Brent nears $100/bbl

Jan. 17, 2011
On Jan. 12, the benchmark February crude contract increased 0.8% to a 2-year high of $91.86/bbl on the New York Mercantile Exchange, while in London, North Sea Brent crude came within $2 of $100/bbl oil, which hadn’t been seen since October 2008.

Sam Fletcher
OGJ Senior Writer

On Jan. 12, the benchmark February crude contract increased 0.8% to a 2-year high of $91.86/bbl on the New York Mercantile Exchange, while in London, North Sea Brent crude came within $2 of $100/bbl oil, which hadn’t been seen since October 2008.

Brent gained 51¢ to $98.12/bbl then, but 2 days later it finished the week at $98.68/bbl—“the highest level since September 2008,” said James Zhang at Standard New York Securities Inc., the Standard Bank Group. However, West Texas Intermediate closed at $91.54/bbl Jan. 14.

Analysts at KBC Energy Economics, a division of KBC Advanced Technologies PLC in Surrey, UK, noted the US benchmark WTI recently has trailed Brent as much as $8/bbl despite WTI “historically having commanded a premium to its transatlantic counterpart.”

At that time, the cash market remained at a discount to February futures, indicating it was not a physical squeeze driving the market. “Rather, fund flows into Brent as a result of commodity index re-weightings and a tightening of the market overall appears to be behind the surge,” KBC analysts reported Jan. 17. “High open interest on futures ahead of [February Brent] expiry led to fears…the emergent backwardation would balloon as traders sought to close out and roll forward their positions. The February-March futures spread widened to 85-90¢/bbl in favor of the prompt month ahead of the expiry, and currently stands at $1/bbl,” they said.

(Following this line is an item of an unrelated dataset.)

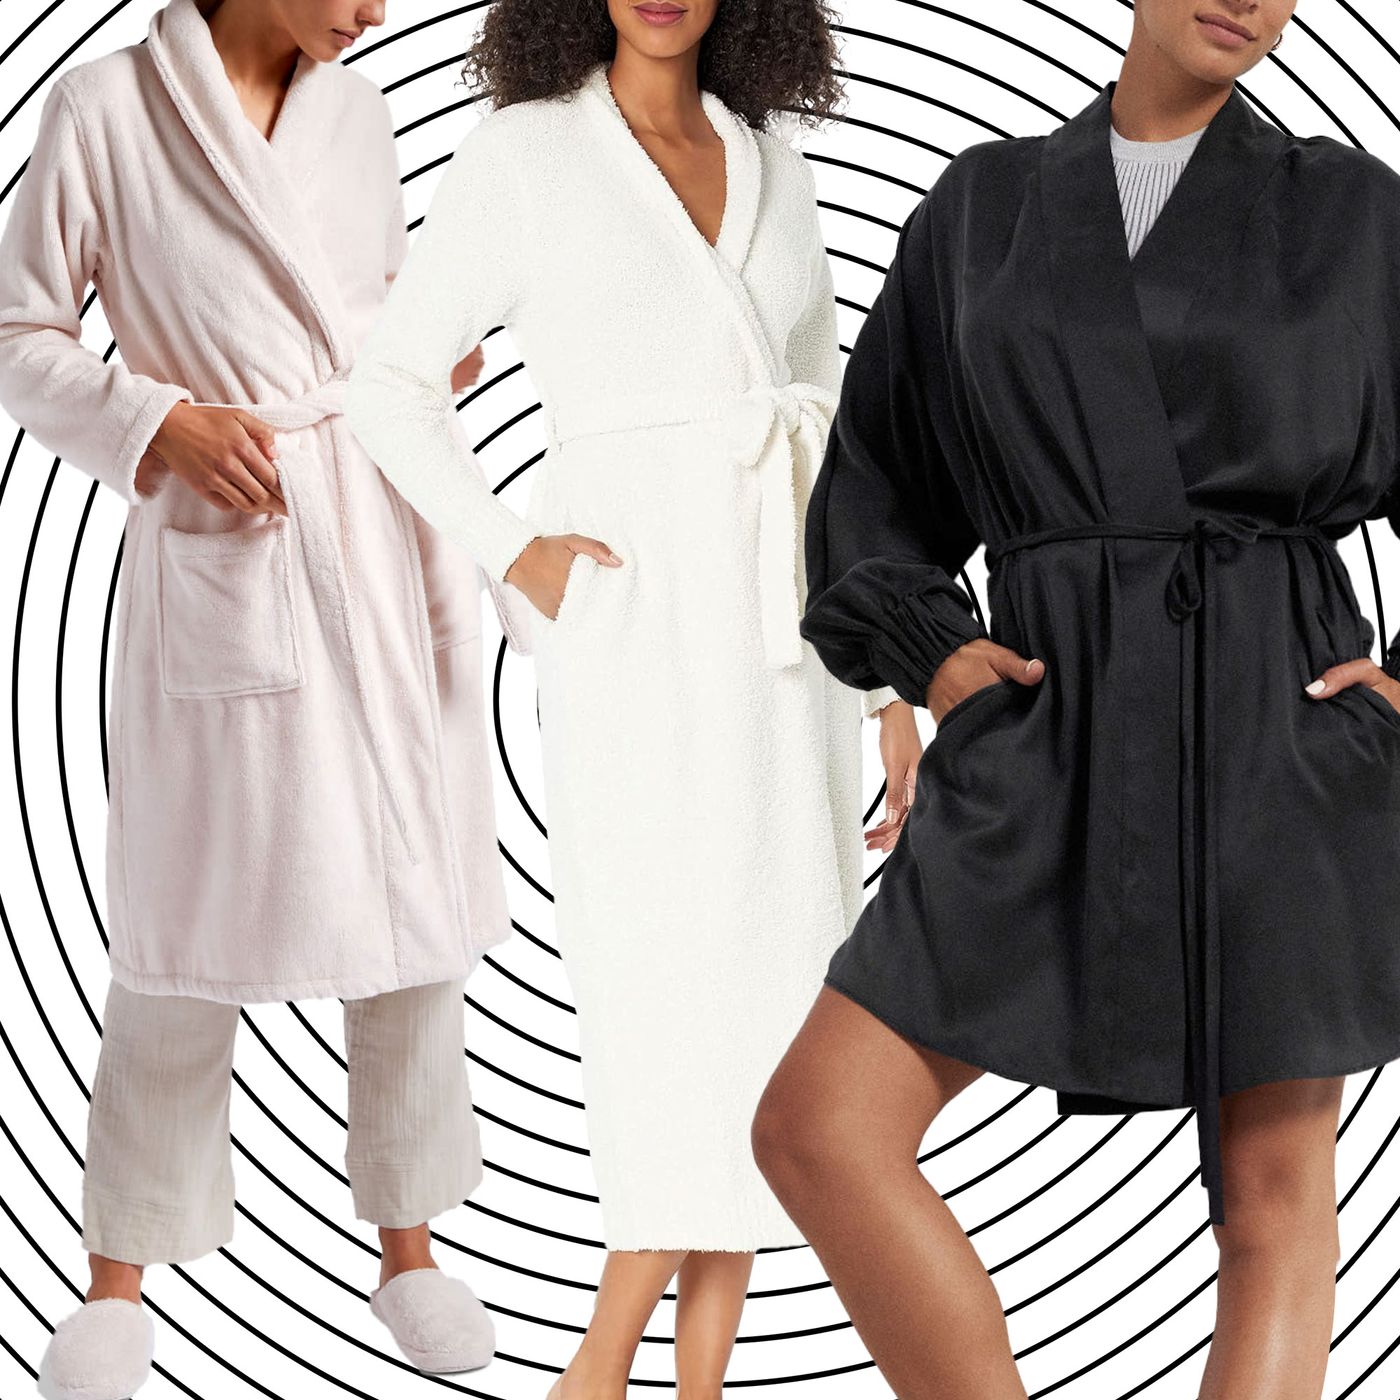 Best Organic Robes: What to Look for in an Organic Bathrobe

Earlier, Zhang said, “Strength in front-month Brent is partly due to backwardation between the first two contract months.” On Jan. 13, February Brent closed 77¢/bbl higher than the March contract, which was more widely traded as the February contract was scheduled to roll.

Olivier Jakob at Petromatrix in Zug, Switzerland, said, “We were expecting the Brent premium vs. WTI to increase in the first days of 2011 on the back of funds shifting some of the WTI exposure to Brent for the difference in roll economics and on the back of the Standard & Poor’s Goldman Sachs Commodity Index [a composite of commodity sector returns] increasing its crude weights in Brent and lowering them in WTI.”

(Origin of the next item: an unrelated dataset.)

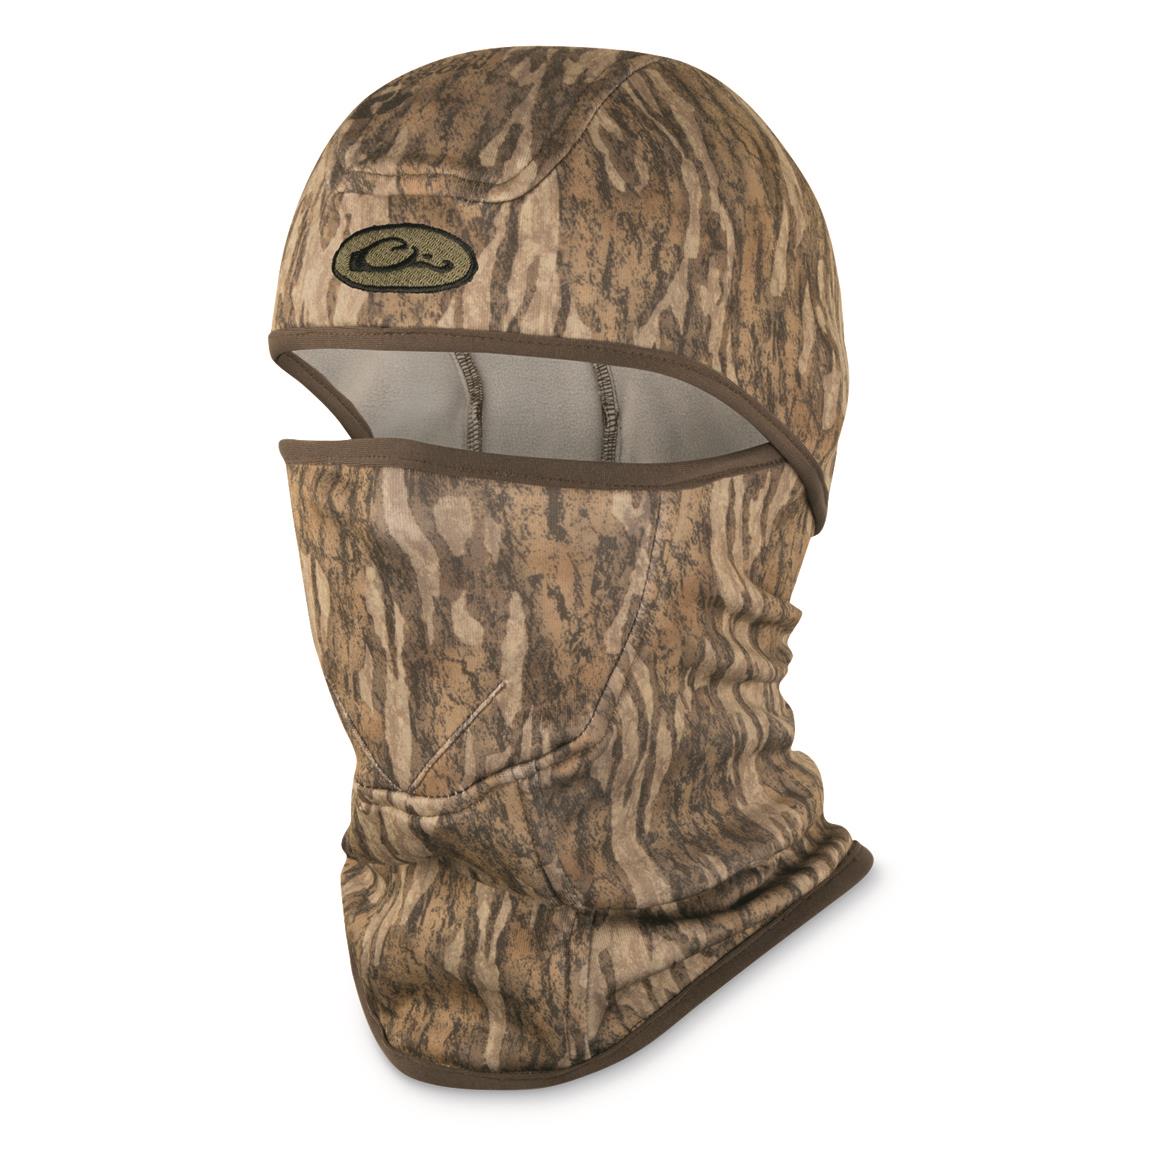 Outdoor Cap with Bug Net - 670715, Hats & Caps at Sportsman's Guide

WTI should remain at a discount to Brent due to “changes in the supply infrastructure of the US Midwest (increased pipeline capacity from Canada and increased supplies from North Dakota),” Jakob said. Since most of the shift of funds should be complete, “…we are not convinced that the extreme front premium of Brent to WTI (March or April) can be sustained.”

Contango
Basically, Jakob said, “We have had in 2010 and also in 2009 occurrences where Brent was at an extreme premium to WTI, but that was linked to a ‘super contango’ in WTI where the extreme contango of WTI was the cause of the prompt weakness of WTI vs. Brent.”

At the time, he said, “While WTI is in a contango, it is not in a ‘super contango,’ and while Brent is in backwardation, it also is not yet in a ‘super backwardation.’ The February-March Brent backwardation is pretty steep in the final day of the contract, but end of contract volatility in that cash contract is usual, while the Brent March-April backwardation is only in single digits and April-May in Brent is in a small contango.”

Jakob said, “While we see on a time-spread difference a justification for WTI to trade at a discount to Brent, we do not see…justification for March or April WTI to trade at a $6/bbl discount to Brent.” He acknowledged the rationale for an extreme discount of WTI to Brent during shifts of position. “But we will now discount that input as most of the funds must have now done their rebalancing,” he said. He added, “Given we are not convinced about the sustainability of the front WTI discount to Brent, we are also not convinced about the sustainability of the WTI discount to…gasoline.”